Unutma ki köyümüz yaşasın.
Kömürcüye giderken yine Sibila’ya uğradık. Araziyi öylesine dolaştık. Daha önceki gelişlerimizde metre cinsinden ölçme işlemini yapmadığımız taşların ölçümleme işlerini yaptık. Sanırım yakın zamanda bütün bu tespitler, uluslararası bir Sibila ve Punura toplantısının konusu olacaklar.
Kömürcüdeki işimiz umduğumuz gibi olmadı. İyi niyetimden, yeterli değerlendirme yapmamışım diye düşündüm Kocaçam’ın dibine varınca.
Kocaçam’ın üst dibinden bir kat geçer. Bu zincir bir kattır. Kavaközü’nün Başpınar mevkisinde Sızak’tan başlar. Kavaközü’nü Güney Kuzey yönünde ikiye böler. Sibila’yı ikinci kaş olarak çevreler. Kındıralibük üzerinden, Kocaçam üst dibinden, Taburyeri’nin Kuzeydoğu eteğinden Bozyaka’ya uzanır ve kaybolur.
Kocaçam üzeri ve hemen üzerindeki Kömürcü yolu arasında Kuzey tarafa üçgen bir arazi var. Burayı babam, benim bilmediğim zamanlarda sahiplenmiş ki bu tarih bin dokuz yüz atmış yılı öncelerine gider. O zamanlar böyleymiş. İsteyen köylüler tarıma elverişli böylesi alanları söker, tarımsal amaçlı kullanırmış. Sökmek, tarım yapmaya uygun hale getirmek demektir. Babam buraya nohut ekermiş. Benim yedi sekiz yaşlarımda, bura ile ıslah etme, genişletme anlamında yeniden ilgilendi. Aile olarak, hep birlikte araziyi bir daha elden geçirdik. İçinin ve üst kısımların taşlarını toplayıp, temizledik, genişlettik. Önümüzdeki yıllarda da nohut ektik. Bizzat nohutlarımızı yolardık. Yolmak, olgunlaşmış nohutları toplamak, hasat etmeye hazır etmek demektir.
Burayı bu yıl yeniden ekmeyi düşündüm ve bir traktör sahibine araziyi sürmesini söyledim.

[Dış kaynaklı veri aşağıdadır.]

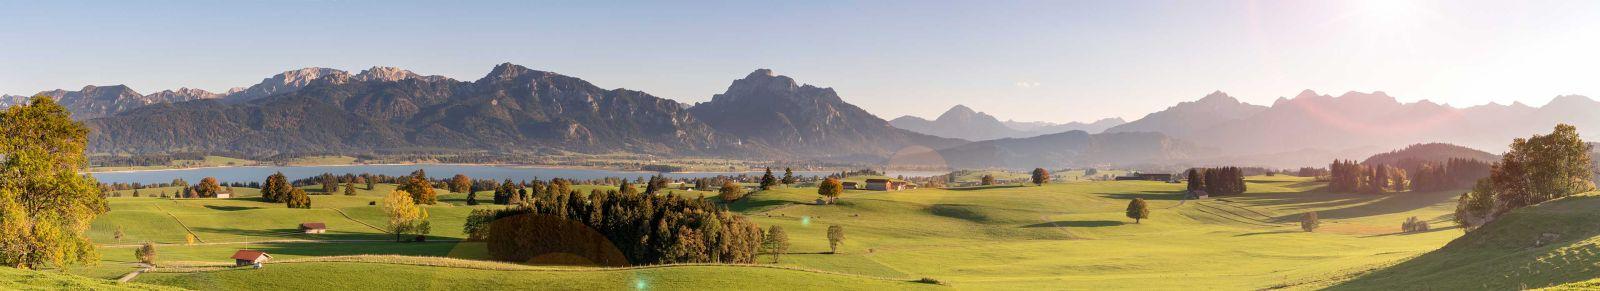 RINGTREUHAND Allgäu: Steuerberater im Allgäu (Kaufbeuren)

Avni’nin bir arı kovanı var o arada. Avni’ye telefon edip, arısını kaldırmasını söyledim.
“Tamam abi” dedi. Önceki yıl üçgen arazinin Kuzey yönü ucunda bir kısım çalılar kazılıp bizim arazinin içine bırakılmış. Kanal altında bulunan arazilerimizin komşusu amcaoğlu Avni’ye sordum, “Nedir bu durum?” diye. “Abi benimle ilgili değil. Salya’nın yerine kepçe indirmişler, geçebilmek için onlar yapmış.” demişti. O çalıları önemsememiştim. Çalı çırpı işte, çürür ve araziyi besler. Traktörcüye de çalıları ezmesini söyledim telefonda, ama ezemiyormuş, “Yakıverin abi” dedi.

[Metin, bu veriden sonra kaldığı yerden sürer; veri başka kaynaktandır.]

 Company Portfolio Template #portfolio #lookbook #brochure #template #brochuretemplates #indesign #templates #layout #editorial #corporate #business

Avni’ye yeri sürüp ekeceğimi söyleyince orayı ekmek istediğini söyledi. Olmaz, kendim ekeceğim, dedim. İşte Muhtar Salih’ten aldığımız kürek ve diğren ile bu çalı çırpıyı yakacağız, bu gün için kalan, bir saat kadarlık zamanımızda. Ne var ki evdeki hesap çarşıya uymadı. Çalıların iyice bir elden geçmesi gerekiyor. İçinde kalın yabani armut gövdeleri, diğren ile ayıramayacak kadar kalın, karamak dalları falan var.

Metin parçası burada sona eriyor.